- **EXERCISE INSTRUCTIONS**: Give back exactly the lines of the material below that start at the line containing "New windows 10" and end at the line containing "Broadway Dance Center: Jazz", and no others.

- **DATA FOR PROCESSING**:
BEGIN
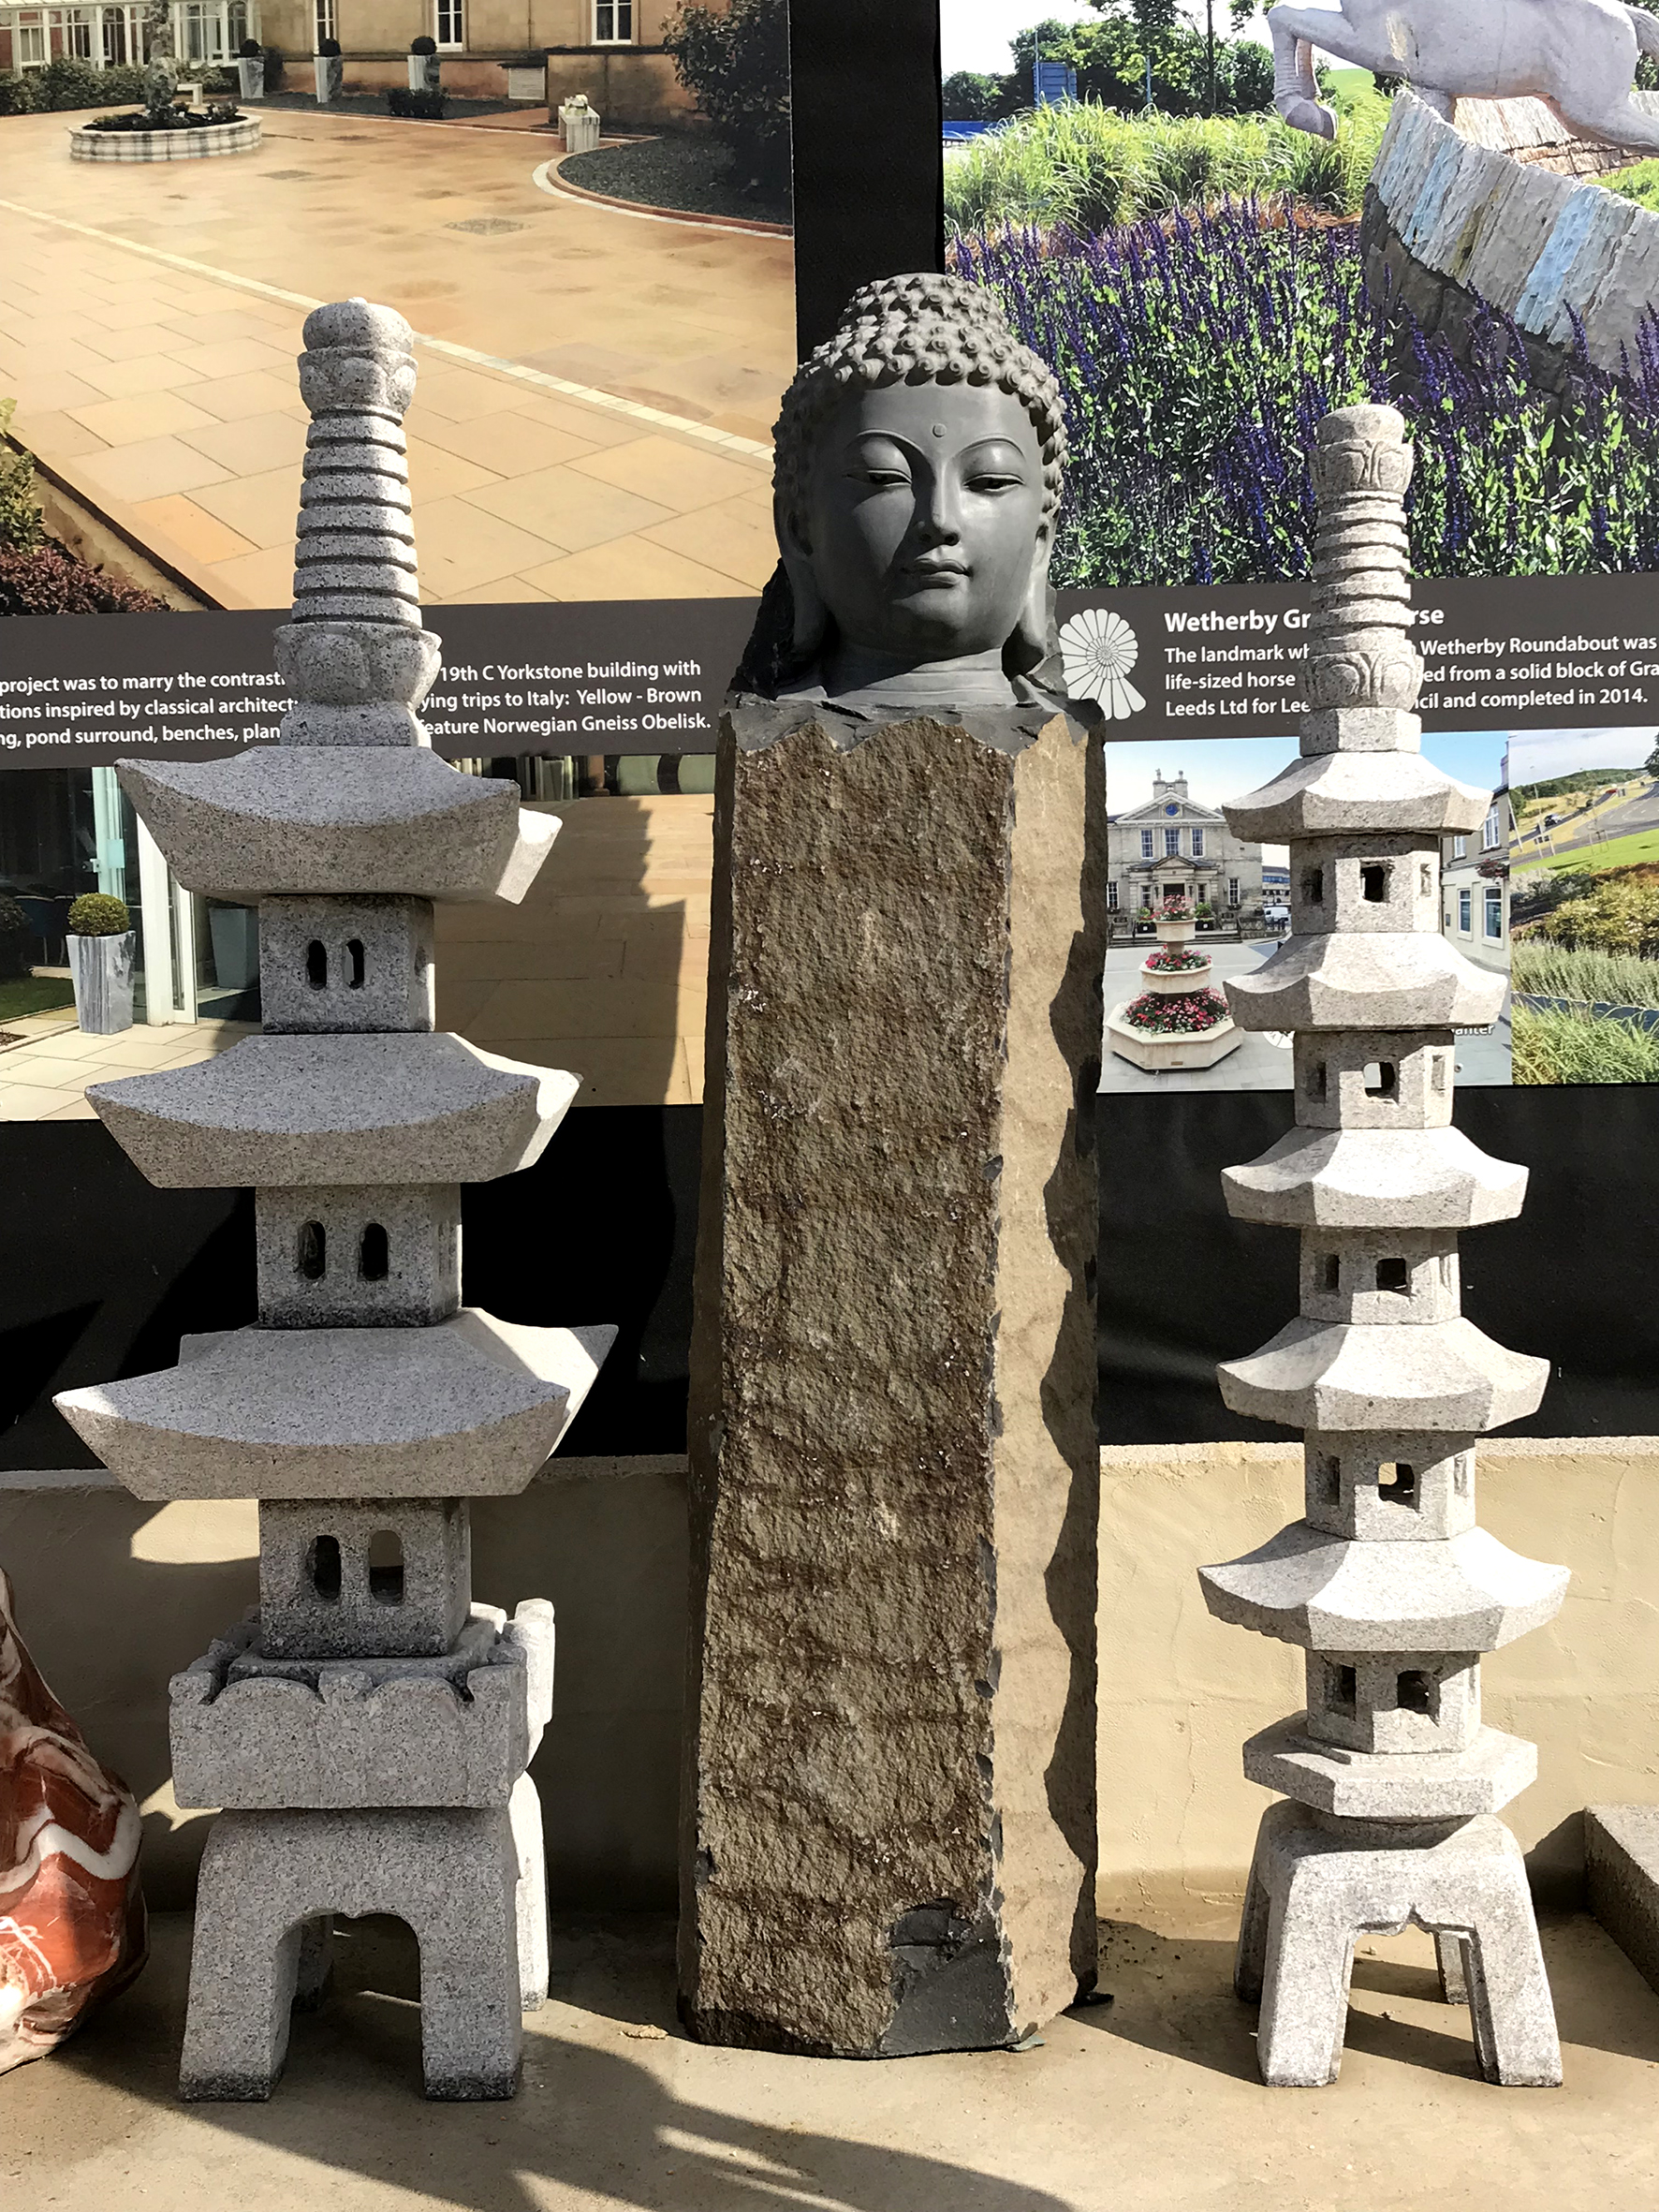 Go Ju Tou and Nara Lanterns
END
BEGIN
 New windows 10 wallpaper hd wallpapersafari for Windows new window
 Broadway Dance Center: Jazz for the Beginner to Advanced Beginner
END
- **PROBLEM SOLUTION**:
 New windows 10 wallpaper hd wallpapersafari for Windows new window
 Broadway Dance Center: Jazz for the Beginner to Advanced Beginner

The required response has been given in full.